If you’re looking for a strategic overview of the Great War, this isn’t it. If you are looking for a powerful story of ordinary men forced to do extraordinary things, look no further.
A J Warren
on 4 August 2014
This is a moving account of the post office workers who joined up in the First World War - with heart warming, as well as heart rending nuggets: the letter to an English widow from a German soldier who found his body; the decision (at a time of great social inequality) not to allow wealthier families to bring home the bodies of their loved ones since this was not something open to the poor. I am writing this on the anniversary of the start of the Great War. The site of Mount Pleasant Post Office is set to become a luxury housing development, the former sorting office in King Edwards Building is now part of the American Bank Merrill Lynch. But Postman's Park at the back of Barts Hospital remains another touching place where the heroic acts of ordinary citizens are remembered.
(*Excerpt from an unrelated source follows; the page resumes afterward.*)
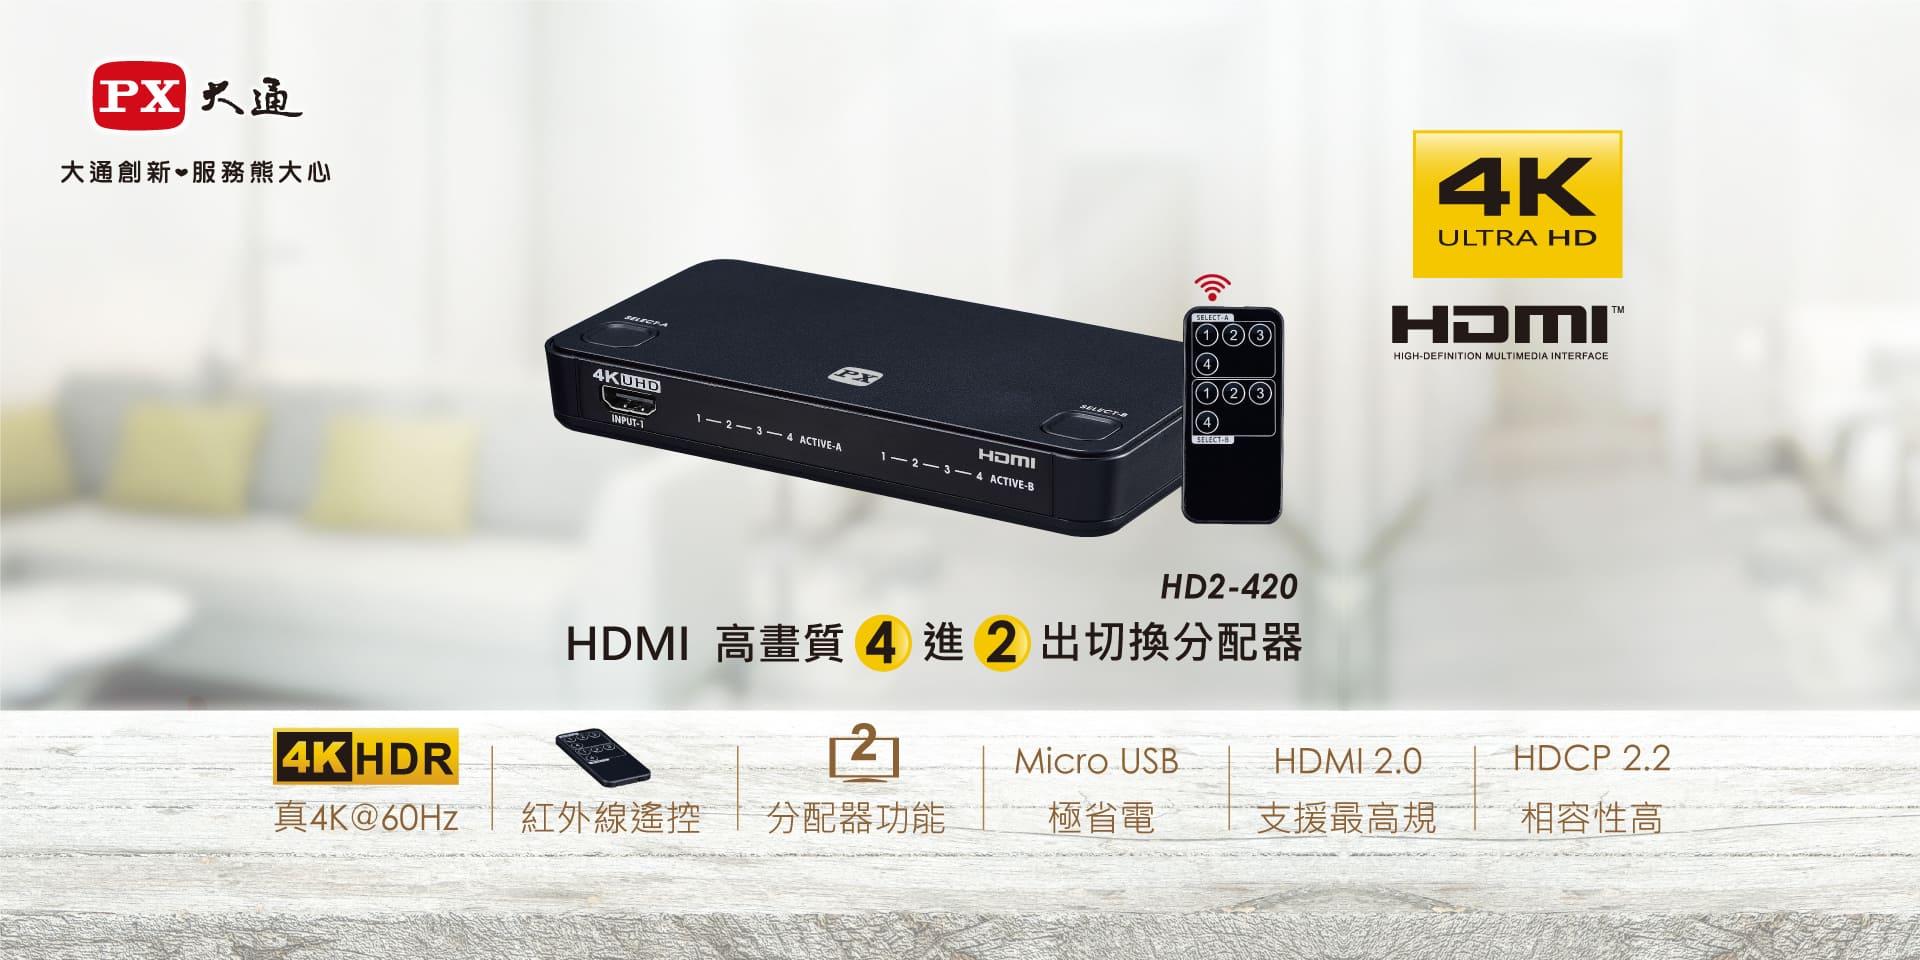 proimages/product/HDMI/HD2-420/HD2-420_01.jpg

Buy this for your postman ! But two for your postwoman.
on 24 January 2015
4th August 2014 marked the centenary of the outbreak of the First World War. We can all name some of the battles - Ypres, the Somme, Passchendaele; we know that it lasted for four years, from 1914 until 1918. The war claimed the lives of more than 9 million people, a figure so great that you just don't know where to start to imagine the horror. Filtering personal stories out of such a massive conflict must surely be impossible.
But that is just what Barrett has done in this moving and well-written account. Through their letters to families and loved ones at home, he traces the fortunes of men who joined the Post Office Rifles, leaving their jobs as post workers in the London suburbs and travelling to makeshift training camps where the atmosphere was one of rigorous discipline and boisterous camaraderie. For these soldiers, many of whom were just boys who had lied about their age, `going to the front' probably sounded like a promotion. Little did they know what awaited them.
'Men of Letters' is a fascinating and absorbing read, and an interesting record of a little-known aspect of the Great War.